Well, doing some searching for exactly what they said was leaking, the "timing chain cover seal", I can't even find such a thing. I'm going to head to the dealership in the morning to see if they can show me exactly what is leaking. When I noticed it, the car was up on jackstands and I was looking up from the drivers side front wheel well. The leak seemed to be on the front of the engine, coming down and covering equal parts of the transmission and engine. 
Is the timing chain on the 24v vr6 on the tranny side of the engine? I can't even find a diagram of the engine to see what they are talking about.


----------



## SnickRyder (Sep 10, 2001)

*Re: Timing chain cover seal leaking (SnickRyder)*

Answered my own questions (assuming the 24v is relatively similar to the 12v VR6) after reading this DIY for timing chain replacement:
http://forums.vwvortex.com/zerothread?id=1264409
Looks like there isn't a seal, just some RTV sealant.
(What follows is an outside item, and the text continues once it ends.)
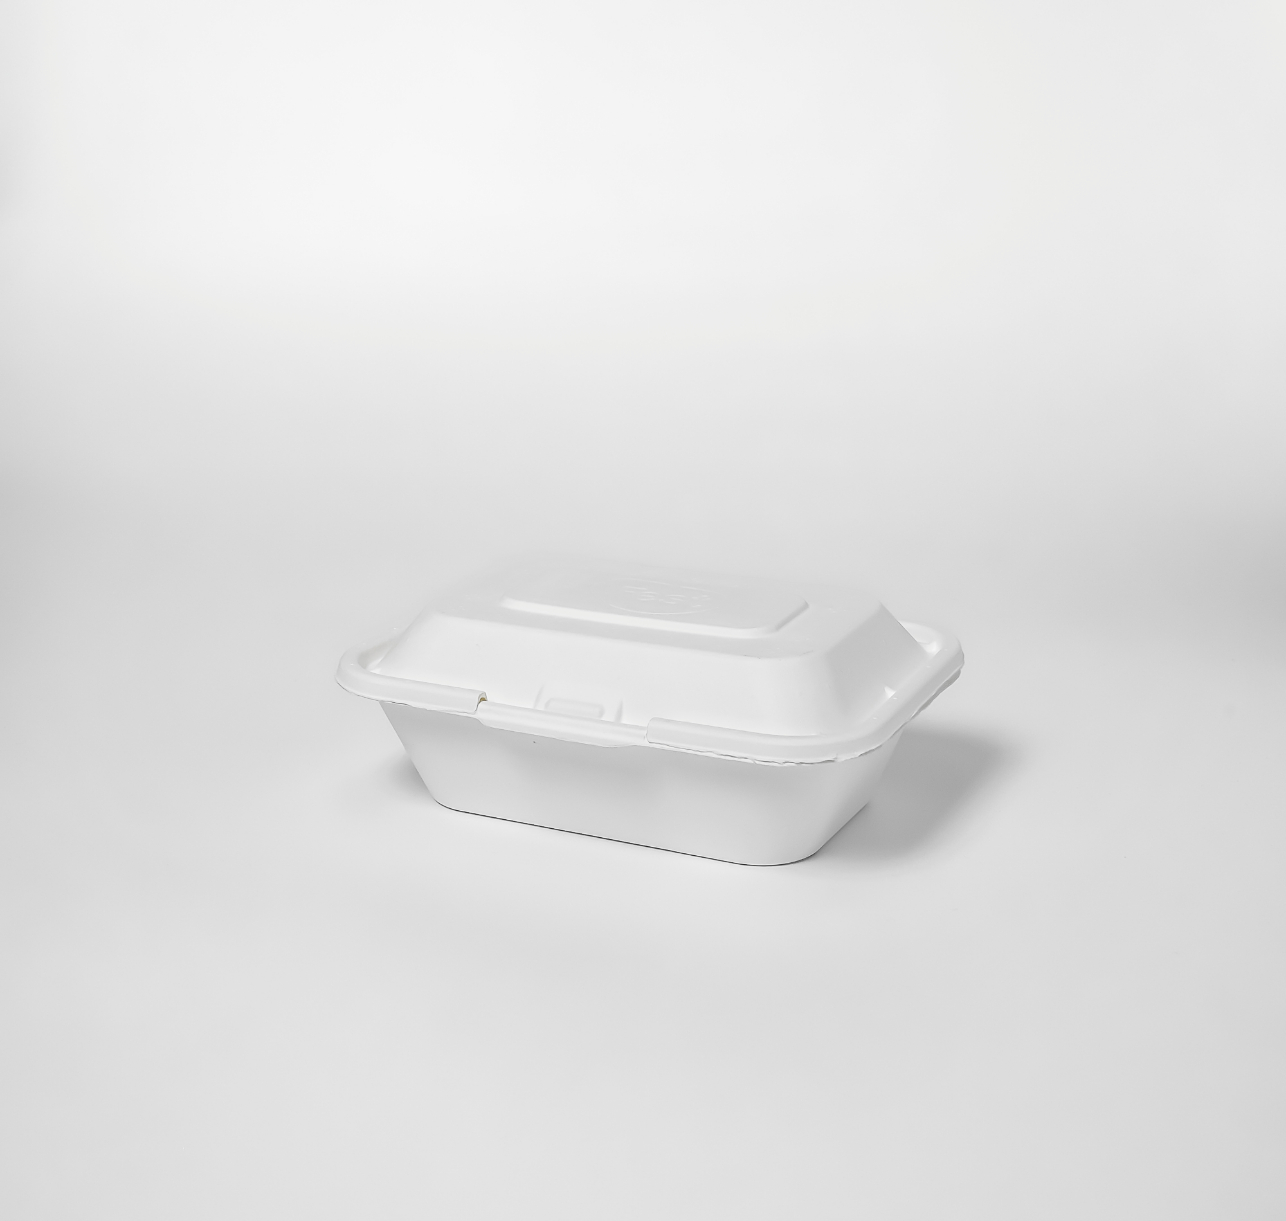 กล่องอาหารเยื่อธรรมชาติ 600ml

Also, looks like this is a fairly straight forward operation with the engine in the car, but the transmission and other related items removed.
I'll check with the dealership and post up what I find.
Thanks guys!
Rick


----------



## MeiK (Mar 18, 2005)

*Re: Timing chain cover seal leaking (SnickRyder)*

12 hours is extreme. Removing the engine is unnecessary. They should warranty it, regardless. http://****************.com/smile/emthup.gif 
It's a normal place to leak tho - you shouldn't worry as far as that goes.


----------



## SnickRyder (Sep 10, 2001)

*Re: Timing chain cover seal leaking (SnickRyder)*

Just got back from the dealership and it's official...NOT covered by CPO!!! >








I spoke with my service writer, the service manager and the technician who diagnosed the car. They all insist that the entire engine needs to be removed to reseal the covers (contrary to some research I've done). Current estimate is $1562.50 in labor and $294.67 in parts, or $1857.17 plus tax of course. 
I immediately called VW and opened a ticket with them to review the denial of warranty claim and they said they will call me back tomorrow with an answer. I spoke with finance and got a CPO Warranty Manual and I can't find anywhere where seals of any kind are mentioned, either to be covered or not included. 
My main argument at this point is that the CPO Warranty says "This warrany covers any repair to correct a defect in material or workmanship (except wear and tear), unless excluded in the section titled'What is Not Covered'". To me, a tube of sealant that was either manually or mechanically used to seal the upper and lower timing chaing covers, that are not moving parts, and then that sealant fails should be considered a defect in material or workmanship. I just cannot see how this is not covered.
Frustrating!!!








Rick


----------



## MeiK (Mar 18, 2005)

*Re: Timing chain cover seal leaking (SnickRyder)*

^^^ Keep talking to the upper VW people. They should help you out - but honestly even if you end up getting screwed into fixing it out of pocket - go to a reputable local shop who isn't an idiot and who won't pull your entire engine


----------



## BakBer (Apr 19, 2007)

*FV-QR*

blah..i'd just let it leak


----------



## SnickRyder (Sep 10, 2001)

*Re: FV-QR (BakBer)*


_Quote, originally posted by *MeiK* »_^^^ Keep talking to the upper VW people. They should help you out - but honestly even if you end up getting screwed into fixing it out of pocket - go to a reputable local shop who isn't an idiot and who won't pull your entire engine









Yeah, I'm going to follow through with VW corporate and see where that leads. There is NO way the dealership is doing this work. I've called a friend that runs an indi shop to get some information from him. If I can't fix the leak by throwing some more sealant at the leaking areas, then I will have the indi shop do the work, period!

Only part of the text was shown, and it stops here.